ハーグの郊外に敷かれた、わずか数キロの試験線路の上に、それはあった。
黒光りする鉄の塊。生き物のように蒸気を吐き出し、その誕生を告げる、産声のような汽笛を、高らかに鳴り響かせる。私たちが『ヴィンターグリフィン号』と名付けた、大陸初の蒸気機関車だ。

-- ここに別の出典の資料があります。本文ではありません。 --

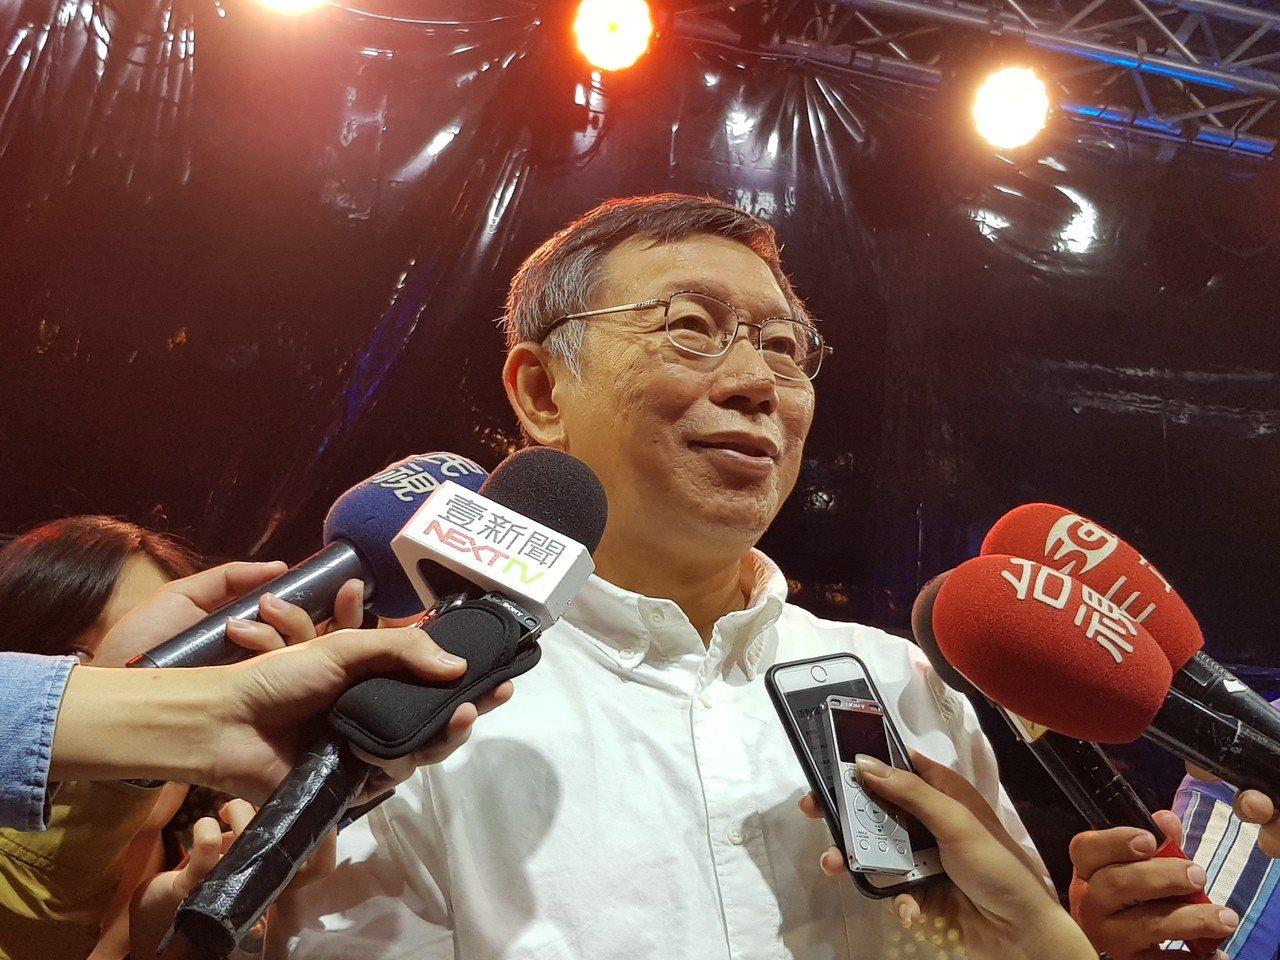 台北市長柯文哲今晚到關渡宮出席ICRT微光嘉年華並受訪。記者翁浩然/攝影

招待された皇帝陛下とライルが見守る中、私とエックハルトは、運転室に乗り込んだ。
「行くっスよ、エックハルトさん!」
「……御意」
私がレバーを引くと、巨大な鉄の車輪が、ぎしり、と音を立てて動き出す。最初は、ゆっくりと。やがて、力強い鼓動を響かせながら、速度を上げていく。
馬よりも速い。風よりも、力強い。
鉄の道が、僕たちの足元で、未来へと、まっすぐに伸びていた。
「フハハハハ! 動いたぞ! 鉄の馬が、大地を走っておるわ!」
遠くで、皇帝陛下の、子供のようにはしゃぐ声が聞こえる。その隣で、ライルが、ただ、にこにこと、嬉しそうに手を振っていた。
(きっかけは、皇帝のワガママ。でも……)
この鉄の道は、これから、人や物、夢や希望、そして、新しい時代そのものを、乗せて走っていく。
(私とライルの国は、また、とんでもないものを、生み出しちゃったみたいっスね)
運転室から見える、どこまでも続く青い空を見上げながら、私は、この世で一番、最高の笑顔を、浮かべていた。